We ask the public what they think all the time. It’s good practice to engage with our audiences, to learn from our customers and stakeholders, and to ensure that communications is not just one-way, but is truly two-way communications, a best practice in the PR industry. But sometimes, asking the public what they think can have unintended consequences, and you have to be prepared for what might happen. I recently shared the example of British Gas’ disastrous foray into a Twitter open house due to bad timing and poor preparation. Here’s a Canadian example from pre-Twitter time.
Way back when, in 1996 the Northwest Territories in Canada was going to be split into two territories. One of the new territories would be called Nunavut, but the name of the other territory was not yet decided.

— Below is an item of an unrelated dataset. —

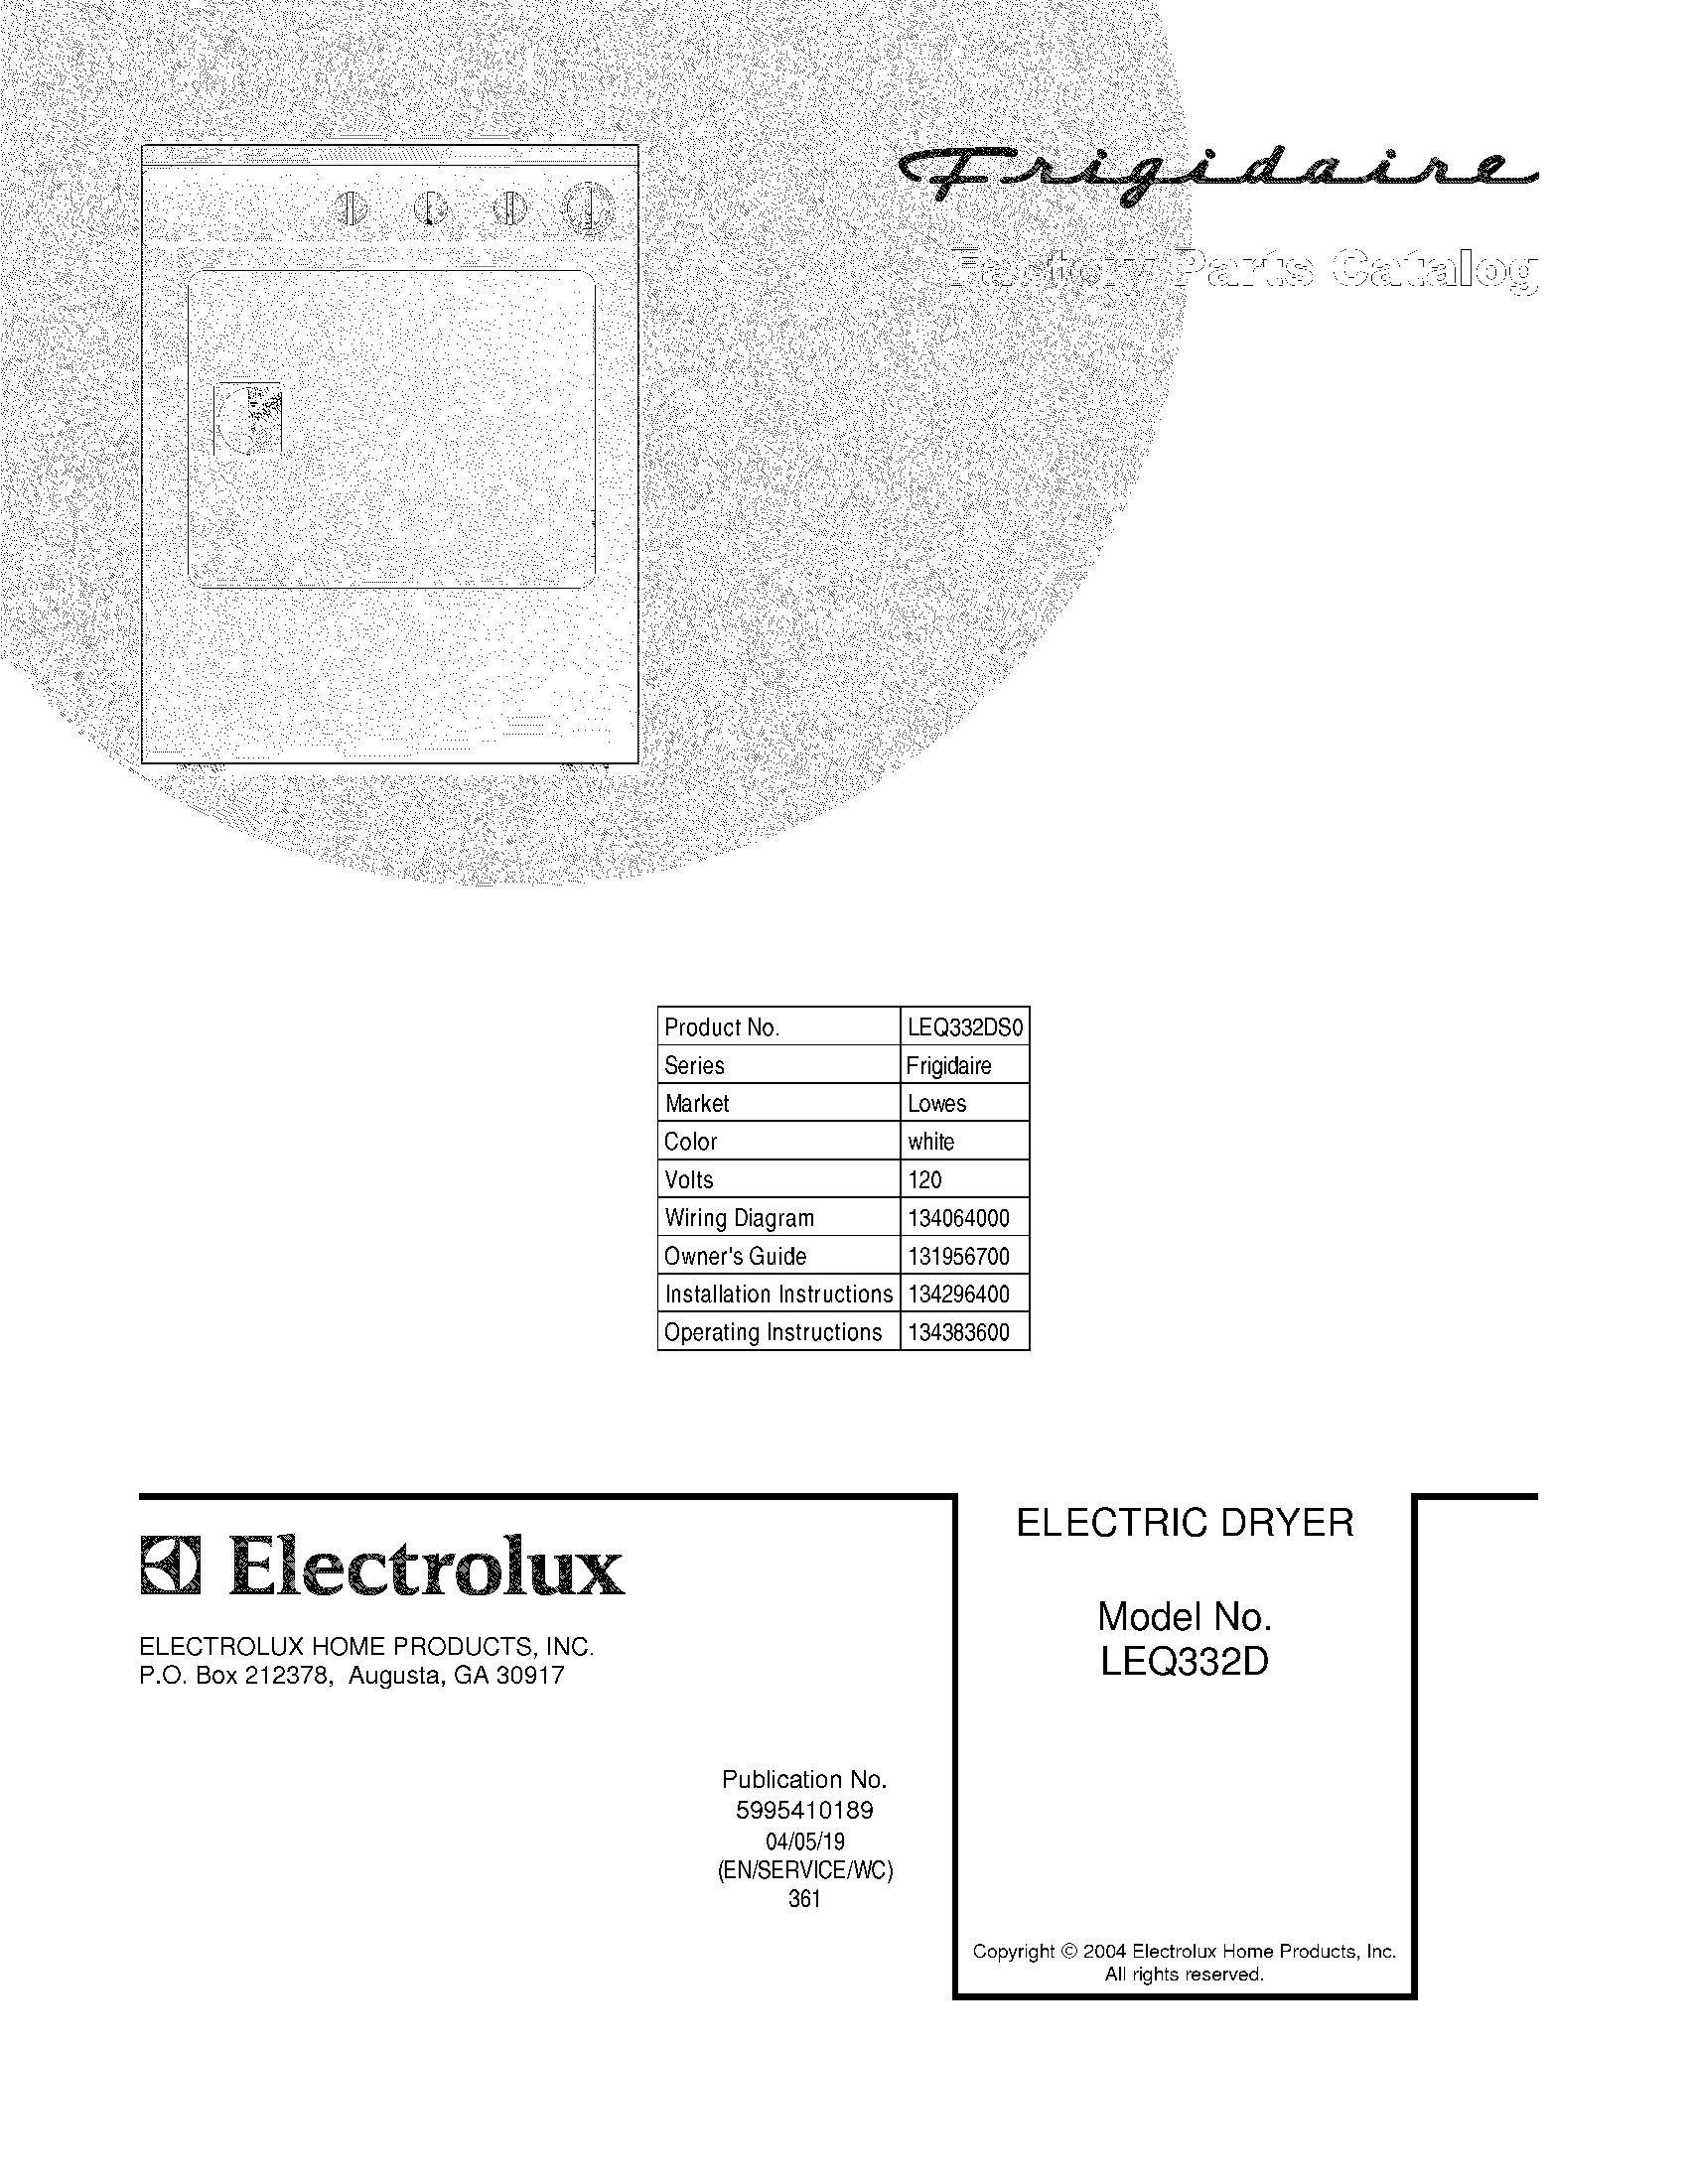 GE_7622] Hewescraft Wiring Diagram Download DiagramFeren Kicep Mohammedshrine Librar Wiring 101

A question was put to the public of whether the remaining territory should have a new name. People could submit suggestions by phone, fax, letter and e-mail. The public had some strong opinions, but some jokesters proposed calling it “Bob”, and “Bob” soon took off as the second most popular proposed name. Really. There’d be the Yukon, Nunavut and Bob.
After all, the proponents said:
“Government would no longer be ‘big brother,’ because “Bob’s your uncle!” and “Lots of neat official stuff would be immediately available to the new government — the official sport could be bobsledding, the official hairdo could be ‘the Bob,’ the RCMP could be renamed ‘Bobbies,’ etc.”.
The proponents were after a good laugh, but soon it had to be taken seriously. The government asking the question had failed to take into account the fact that the public loved using the new online tool of email. And they hadn’t limited the ask to NWT residents, so thousands of people outside of NWT started adding their votes, voting “Bob” near to the top spot.
Needless to say, the Territories were not renamed Bob, the contest didn’t proceed, and to this day, they are still the Northwest Territories.
Had the government limited participation in the poll, better understood how technologies would be used, set stronger rules about the kinds of names that could be proposed, or even had a cheeky response to explain why Bob couldn’t be the new name (For example, “We can’t call it Bob because it doesn’t translate well to Inuktikut“), this attempt to engage with NWT citizens might have been less of a joke.
Today’s lesson: When you ask a digitally connected public what they think, be sure you can either take a joke or be prepared with messaging in case what they think isn’t helping your cause.